Complex tools with many parameters or behaviors need more documentation. Simple tools need less. This dimension scales expectations accordingly.

Parameters3/5

Does the description clarify parameter syntax, constraints, interactions, or defaults beyond what the schema provides?

Schema description coverage is 100% with one parameter clearly documented in the schema. The description doesn't add any parameter-specific information beyond what's in the schema, so it meets the baseline expectation but doesn't provide additional semantic context about the test_run_id parameter.

Input schemas describe structure but not intent. Descriptions should explain non-obvious parameter relationships and valid value ranges.

Purpose4/5

Does the description clearly state what the tool does and how it differs from similar tools?

The description clearly states the verb 'Get' and resource 'detailed local test report for a specific test run', making the purpose understandable. It distinguishes from siblings like 'get_test_result' by specifying 'detailed report' and 'local test run', but doesn't explicitly contrast with all similar tools.

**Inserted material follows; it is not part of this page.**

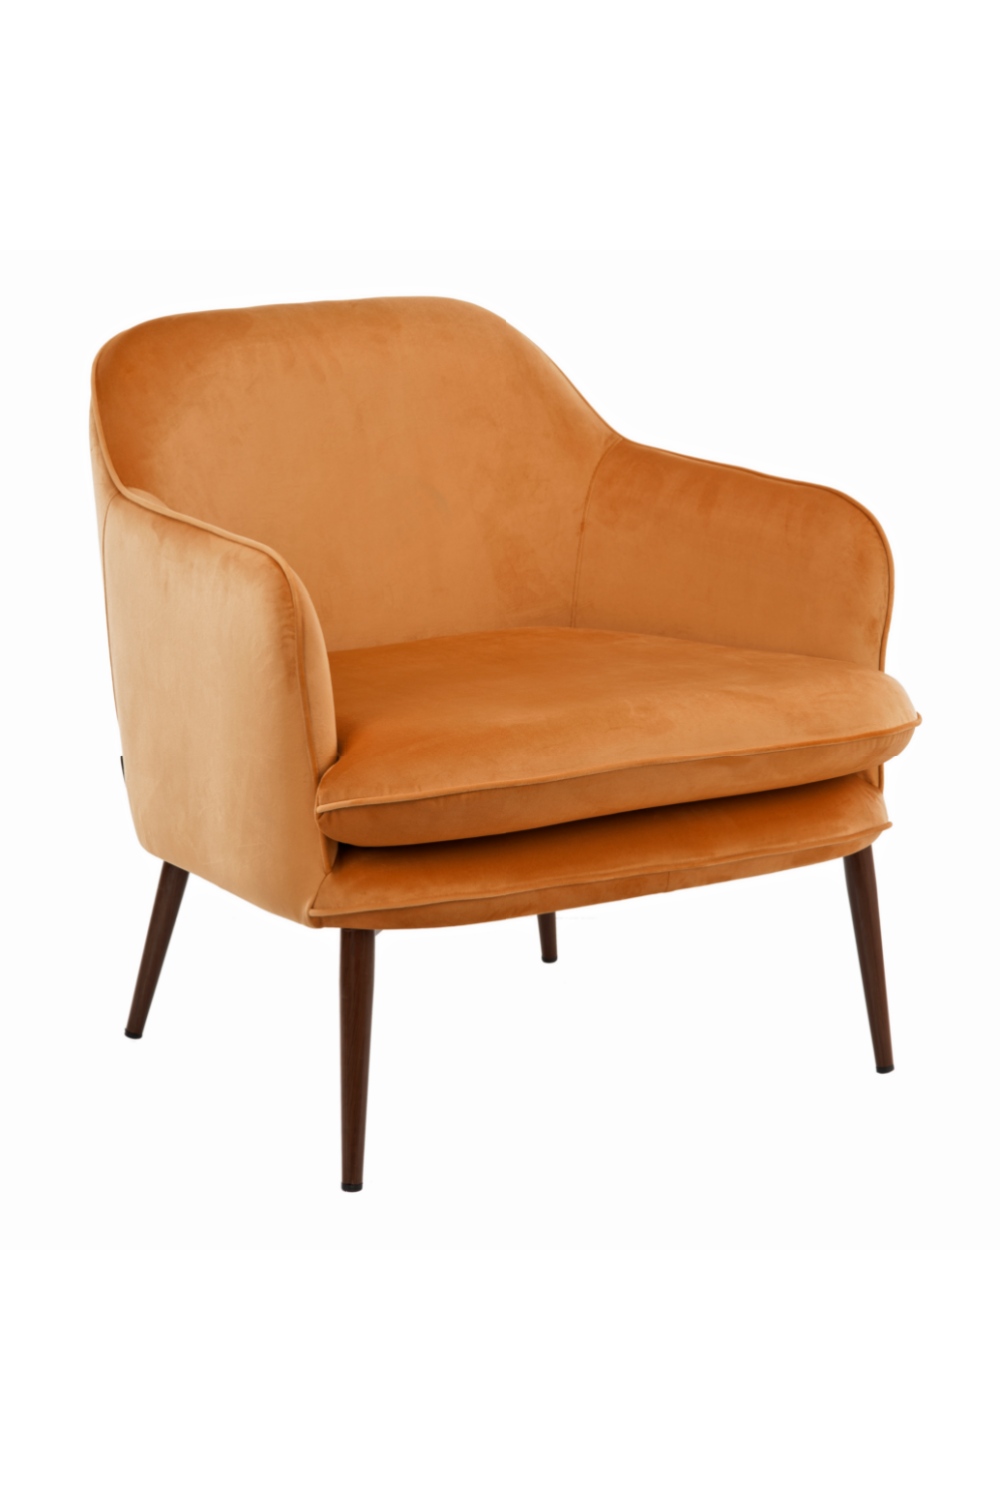 koud vertaler droogte Velvet Upholstered Fauteuil | Pols Potten Charmy | Dutch Furniture

Agents choose between tools based on descriptions. A clear purpose with a specific verb and resource helps agents select the right tool.

Usage Guidelines3/5

Does the description explain when to use this tool, when not to, or what alternatives exist?

The description provides some usage context by stating 'Only available for tests run locally (not managed tests)', which helps differentiate from potential managed test alternatives. However, it doesn't explicitly mention when to use this versus siblings like 'get_test_result' or 'open_test_result', leaving some ambiguity about tool selection.

Agents often have multiple tools that could apply. Explicit usage guidance like "use X instead of Y when Z" prevents misuse.